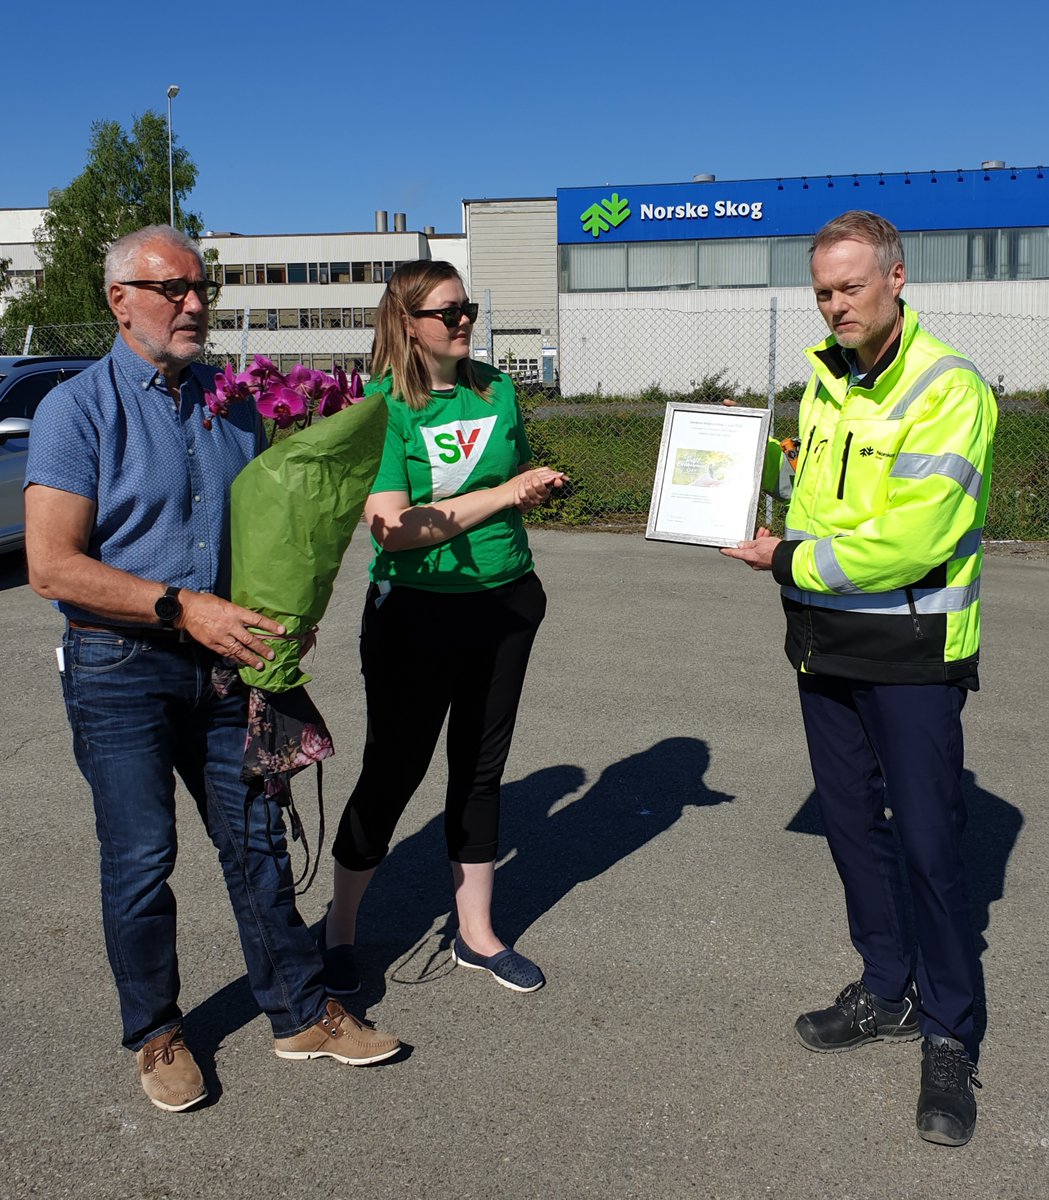 Local award recognises Norske Skog Skogn for its achievement in converting the site's timber transportation from trucks to trains. 

This means reduced CO2 emissions, safer roads, less airborne dust, and lowered exhaust emissions.

Read more: https://t.co/Qnyw8weQc2 https://t.co/PJHkwjZsOD

Assignment -> Set the preceding data down again word for word, omitting images.

Exercise solution ->
 Local award recognises Norske Skog Skogn for its achievement in converting the site's timber transportation from trucks to trains. 

This means reduced CO2 emissions, safer roads, less airborne dust, and lowered exhaust emissions.

Read more: https://t.co/Qnyw8weQc2 https://t.co/PJHkwjZsOD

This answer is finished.